BLACK HISTORY MONTH: Writer pays homage to the late James Baldwin

CLEVELAND — Writer Quartez Harris won’t be difficult to find around here in 2025. 

Just wander into a Cuyahoga County, Ohio, bookstore and you’ll have a decent chance of spotting Harris, his locs tight and his smile ever-present. 

Or make your way to a book fair like the one Harris starred in earlier this month in Philadelphia. You might catch him there. 

Harris, 34, is finding these are the best of times for him as he watches his biographical picture book “Go Tell It,” a homage to the late novelist and social critic James Baldwin, play to heady reviews. 

The Southern Bookseller Review, as an example, described Harris’s book as: “Stunning, poetic, honest, and celebratory – what an incredible picture book for school-age kids and their families and classrooms. Gordon James captures Baldwin’s dynamic passion for books and words in beautiful, high-energy paintings.”

Kirkus Reviews said: “A superb introduction to a master of the craft and a work of art in and of itself.

Author Quartez Harris. Photo courtesy of Quartez Harris.
Author Quartez Harris. Photo courtesy of Quartez Harris.

You can almost hear Harris say ah-shucks to the latter, but he can grab hold to the first part of the Kirkus review and revel in the words. His affinity toward Baldwin goes back a long way.”

As a teenager, Harris fell in love with Baldwin’s words — spoken and written.

“He was such an eloquent speaker, and I think it was his voice that drew me in,” said Harris, winner of the prestigious 2021 Ohio Poetry Association’s Poet of the Year Award for his collection of poems in “We Made It to School Alive.” “I loved how his mind worked,” Harris said.

What Harris has created is a book that speaks to youth, as his collection of poetry. He crafted “Go Tell It,” a rife on Baldwin’s celebrated semi-autobiographical novel “Go Tell It on the Mountain,” for younger readers. He said he wanted to put onto library shelves and in bookstores a nonfiction story that would resonate with them, so he kept “Go Tell It” focused on Baldwin’s boyhood and young adulthood. 

Harris ended his book before Baldwin, penniless and unknown, left the United States in his early 20s and settled into the culturally enlightened Left Bank in Paris. Harris’s book introduces those new to Baldwin to his youthful years in Harlem and in the Pentecostal church.

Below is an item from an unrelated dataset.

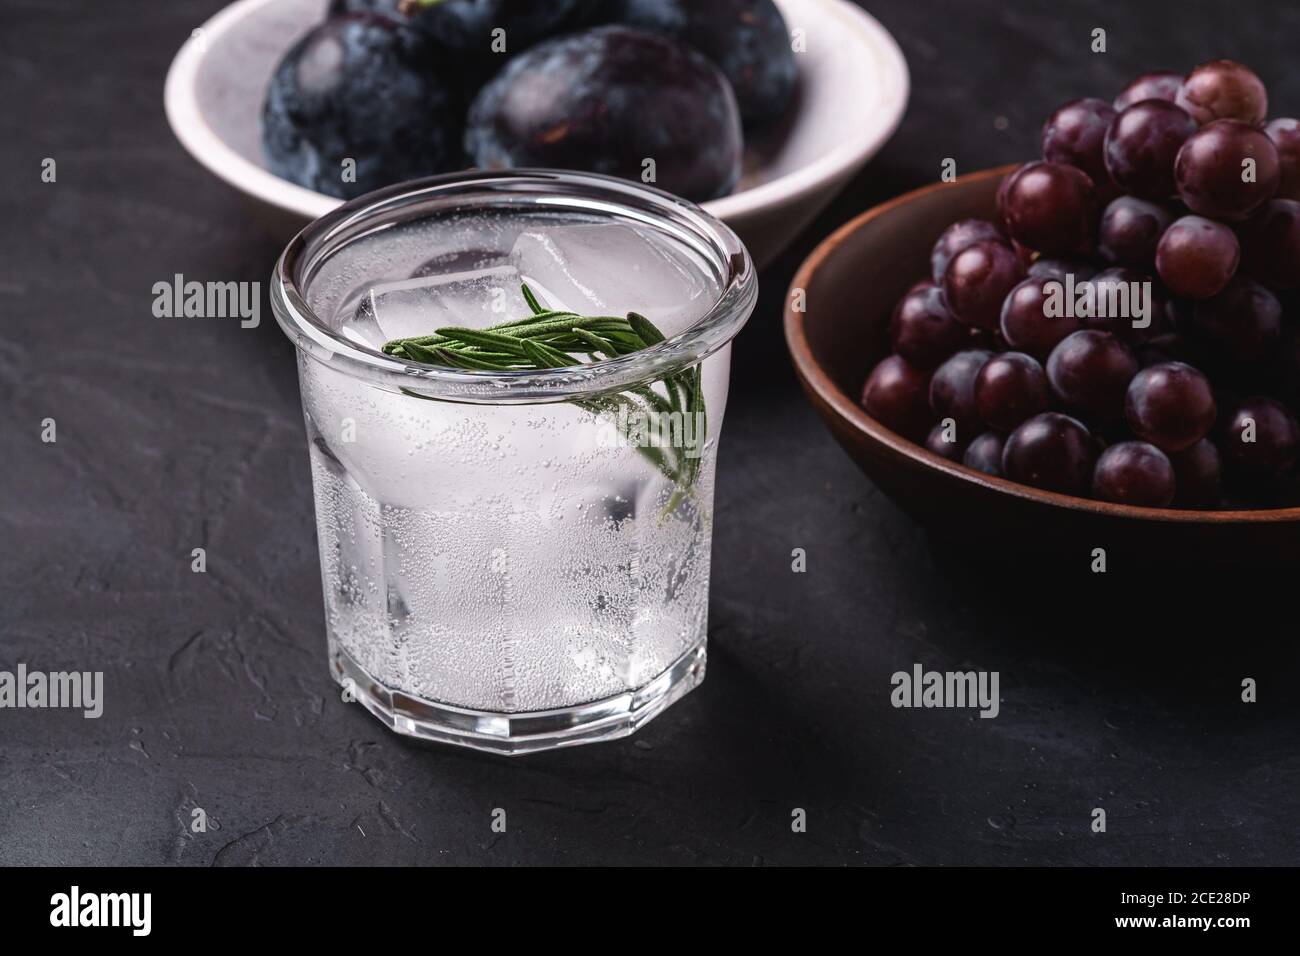 Fresh ice cold carbonated water in glass with rosemary leaf near to wooden bowls with grape and plum fruits, dark stone background, angle view Stock Photo

The point he stressed in “Go Tell It” was how James Baldwin became, well … James Baldwin. In piecing his book together, Harris saw some of himself in Baldwin, a high-school dropout but perhaps the most celebrated Black writer ever. 

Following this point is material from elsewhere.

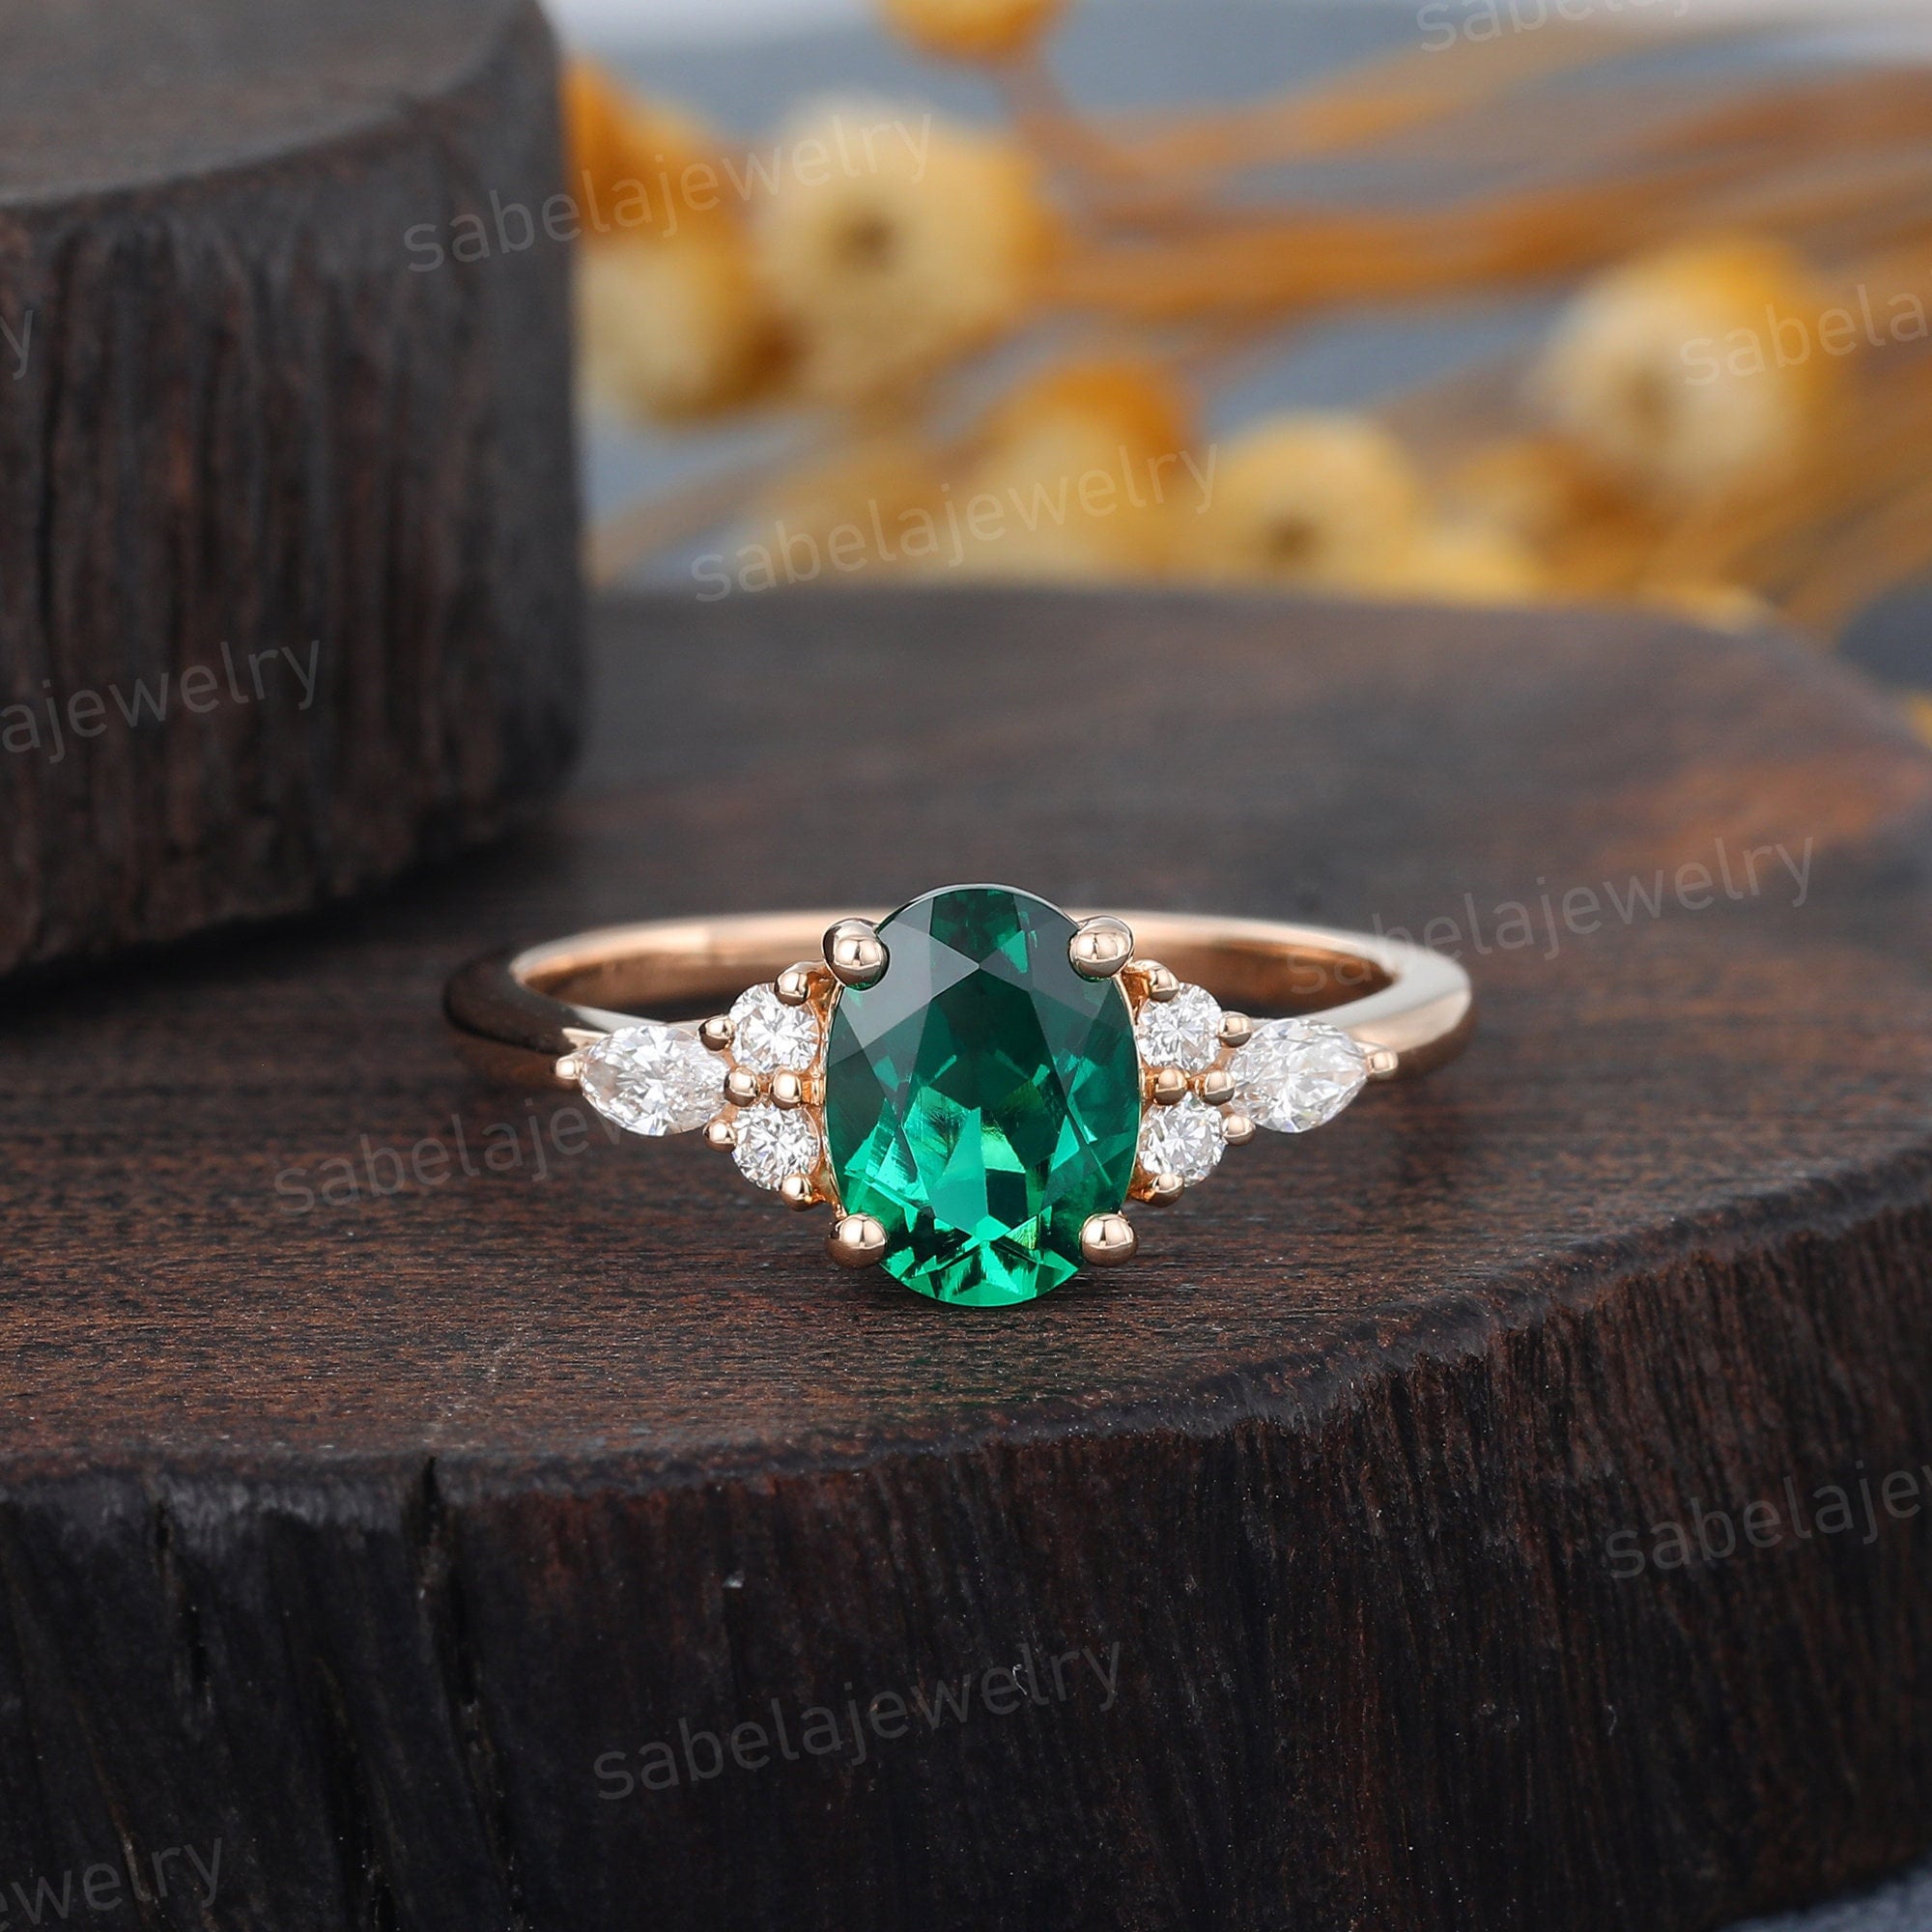 Amazing oval shaped emerald ring surrounded by cluster of diamonds.

Despite no high-brow academic credentials, Baldwin discovered a complete education could come from outside a structured class. He became a vociferous reader; Baldwin read everything. 

And reading was the thread that connected him and Harris. 

The late James Baldwin, author of "The Fire Next Time" and "Another Country," at his home, June 3, 1963, in New York. Photo credit: Dave Pickoff, The Associated Press
The late James Baldwin, author of “The Fire Next Time” and “Another Country,” at his home, June 3, 1963, in New York. Photo credit: Dave Pickoff, The Associated Press

Growing up in Cleveland, Harris struggled to meet the expectations of educators. They warehoused him, which they often did to Black males in this city, in classes that lacked academic rigor. Many of Harris’ teachers viewed him as incapable of comprehending what he read or of using the English language properly.

“I didn’t really identify with language,” he said. “I didn’t know it belonged to me. Words belonged to me.” 

Harris discovered ways to interpret his words. Using poetry as his vehicle, he started to play with them. Just like Baldwin did in his adolescence, Harris toyed with noun and verb 

combinations and fiddled with words in his mind as if they were a Rubik’s cube that he needed to put together. Once he did, Harris was creating music with his poetry. The right words made songs.

“You might not understand the song,” Harris said. “But it can make you feel something inside.”

The praise the book “Go Tell It” has brought Harris’s way has been heady stuff, and it has left him with feelings of his own. 

“I am full of glee,” he said. 

His book is everywhere in Cleveland, and so it seems is Harris, a former teacher who’s married with a young son. His agent has his schedule packed with appearances, which include a speaking event February 19 at the South Euclid-Lyndhurst Library in suburban Cleveland. 

He is contracted with Little, Brown and Company, a nearly two-century-old publisher based in New York City. And he is working on a full-fledged novel, which will put his use of words to the test.

But Harris won’t be able to shake his book on Baldwin for a while. How can he? Baldwin, who would have turned 100 last August, wrote and spoke about troubled times in America, times that made him flee to Paris in 1948 before returning to immerse himself in the emerging Civil Rights Movement of the 1950s and 1960s. His short story “Sonny’s Blues” reflected those unsettling times.

Interest in Baldwin and his prose has now resurfaced.

“People are looking at Baldwin — his voice is still raging — because of the political climate we’re in,” Harris said. “I find it cool that we’re celebrating his legacy.”